Václav Drobný (9 September 1980 – 28 December 2012) was a Czech footballer who notably played for Sparta Prague having spent time in their youth team as well as spells at Czech, Slovak, French and German sides. Drobný played twice for the Czech Republic and was most known in England for his short stint on loan at Aston Villa.

==Career==

===Club career===
Drobný played for FK Jablonec nad Nisou 97 (on loan from Sparta) during the first half of the 2005–06 season, RC Strasbourg, Chmel Blšany and Sparta Prague. He also spent the 2004–05 season on loan at English team Aston Villa, in the Premier League. The move was not a success for the defender however, who left having failed to make a single first team appearance for the claret and blue.

Drobný left Strasbourg in 2005 to join Sparta Prague, before having spells at Jablonec 97, Augsburg and FC Spartak Trnava. He was released by the latter in 2009. However, the following year Drobný signed for Bohemians Praha. The defender made his debut for the club in a 3–2 victory away at Slovan Liberec on 20 March 2010. He played eighty minutes for his new club before being replaced by Martin Horacek.

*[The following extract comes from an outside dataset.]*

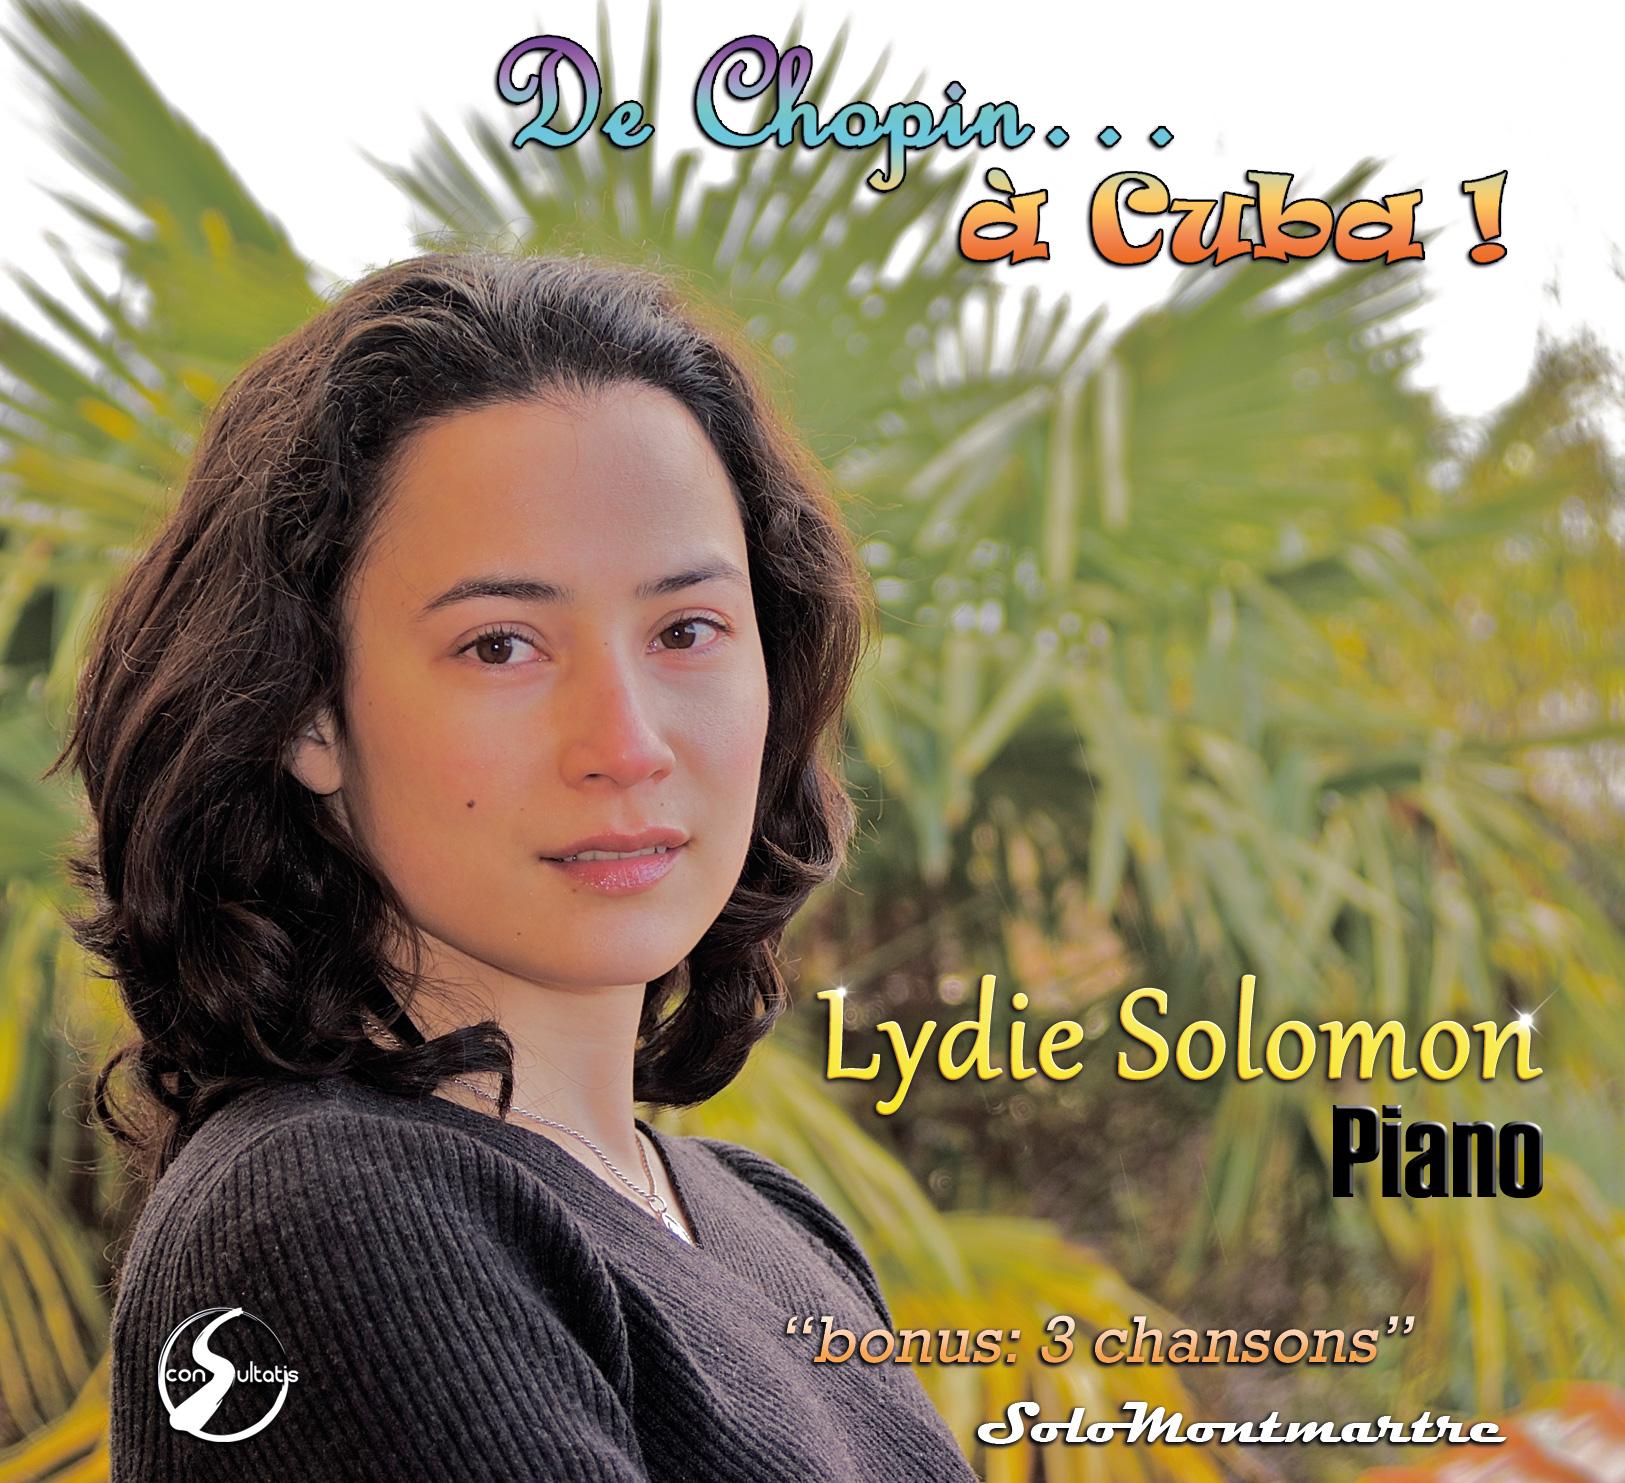 lydie-solomon-de-chopin-a-cuba

===International career===
Drobný was part of the Czech side which won the UEFA U-21 Championships in 2002, and debuted for the senior team against Japan – though he failed to secure a spot in Euro 2004. The defender won two international caps.

==Death==
Drobný died while bobsleighing at the ski resort Špindlerův Mlýn. He skidded off-piste and crashed into a tree.